For her work raising concerns about “false memories,” including children’s reports of parental abuse, Elizabeth Loftus was condemned as harming victims, and aiding murderers and rapists. She has also faced death threats and actual assaults.

And this:

Psychologists and their families have been stalked and had their private information, such as home addresses, posted on the Internet— a practice known as doxing…

Some professionals who work with alienated children, or merely write on the topic, have been targeted for intimidation and overt orchestrated campaigns to sully their reputation. They have been threatened with violence, invasion of privacy, and public humiliation. False information has been sent to colleagues, regulatory boards, and institutions with whom the professional is affiliated. The professional and his or her family are investigated with the hope of finding information that can harm the professional’s reputation.

It seems to border on the pathological that perfectly intelligent, educated people should resort to such tactics simply to oppose the very concept of parental alienation that every family court judge and family lawyer knows exists.  These people make little pretense of intellectual honesty or doing what’s best for kids.  Their goal is to cast aspersions on fathers for the purpose of weakening them in family courts.  Why else would attorney Joan Meier pretend parental alienation to be this:

Parental alienation (or “alienation”), while lacking any universal definition, at its essence, is the theory that when a mother and/or child seek to restrict a father’s access to the child, their claims of dangerousness or harm are not true, but due to the mother’s anger or hostility, or pathology.
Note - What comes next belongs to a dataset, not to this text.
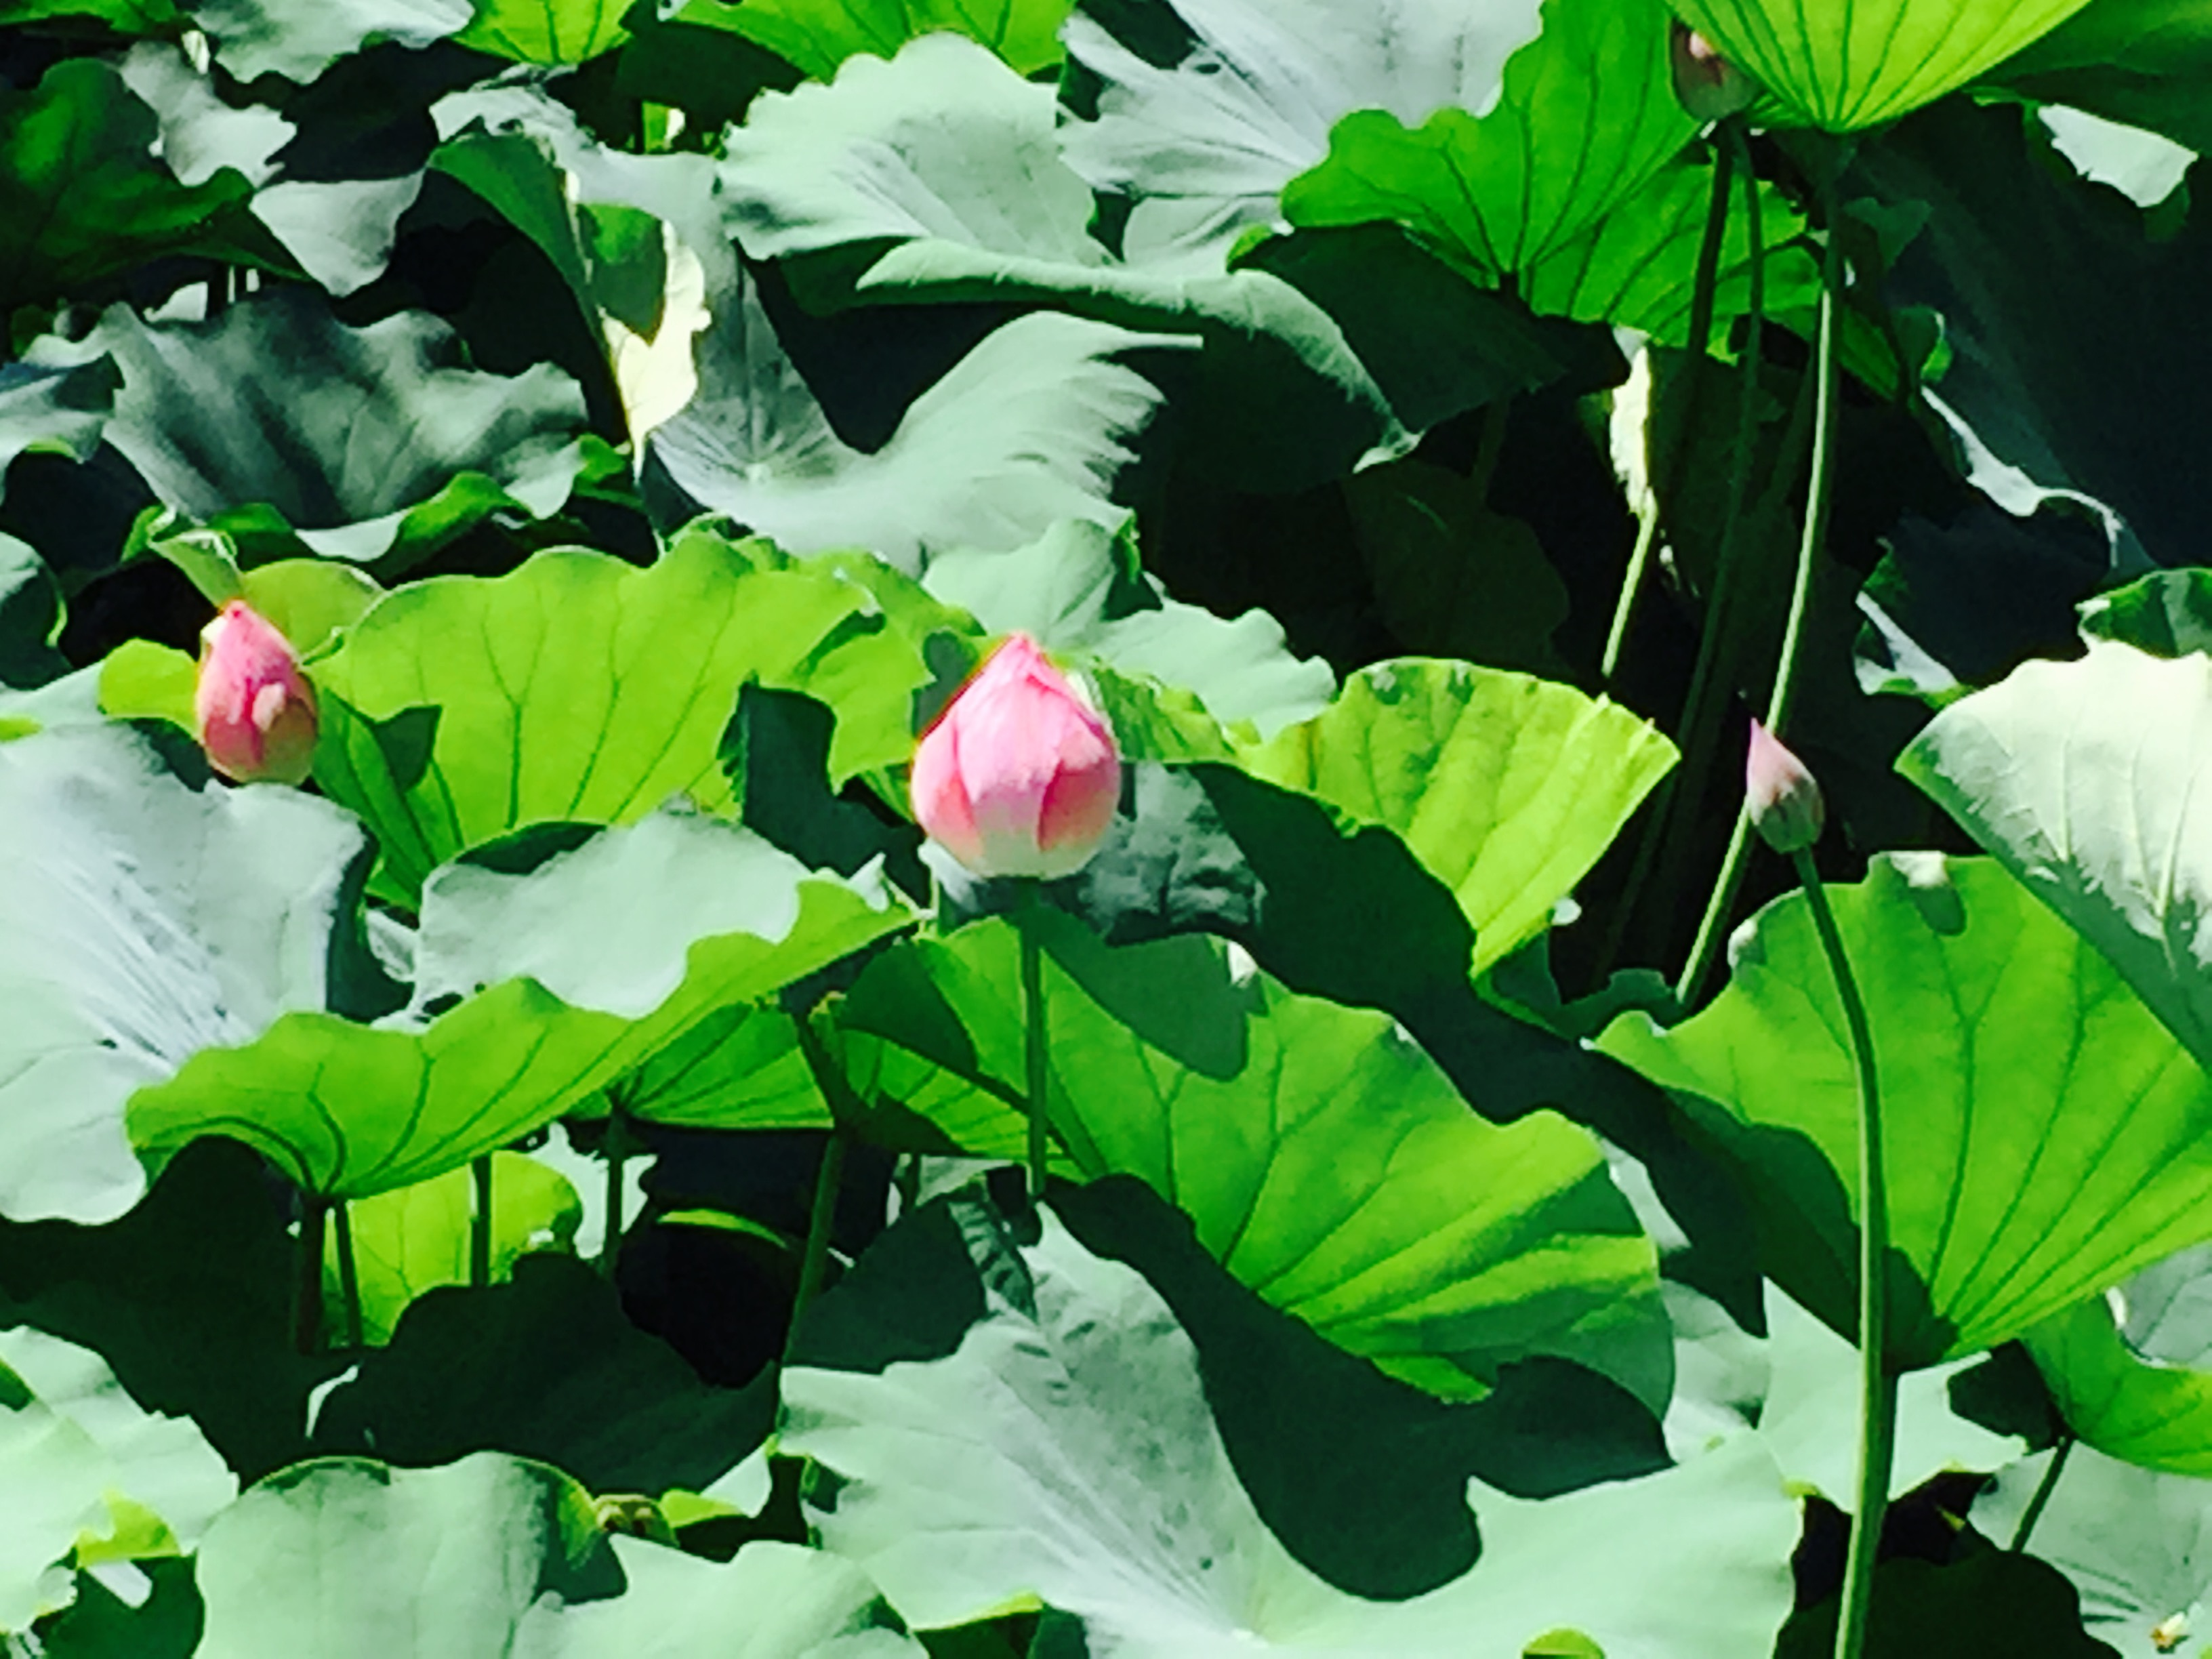 Photo of a lotus garden

It’s a claim that has no basis anywhere in the literature on PA, but it does reveal that those who stoop to any level to try to cast doubt on PA believe it to be a gendered phenomenon in which unscrupulous fathers target innocent mothers.

Yes, there are risks out there for those who recognize PA and try to help parents and children through that briar patch.  But, as the science on PA advances, there are now risks for mental health professionals, lawyers and journalists who, until now, have had free rein to frankly misrepresent PA and disparage their more scrupulous colleagues.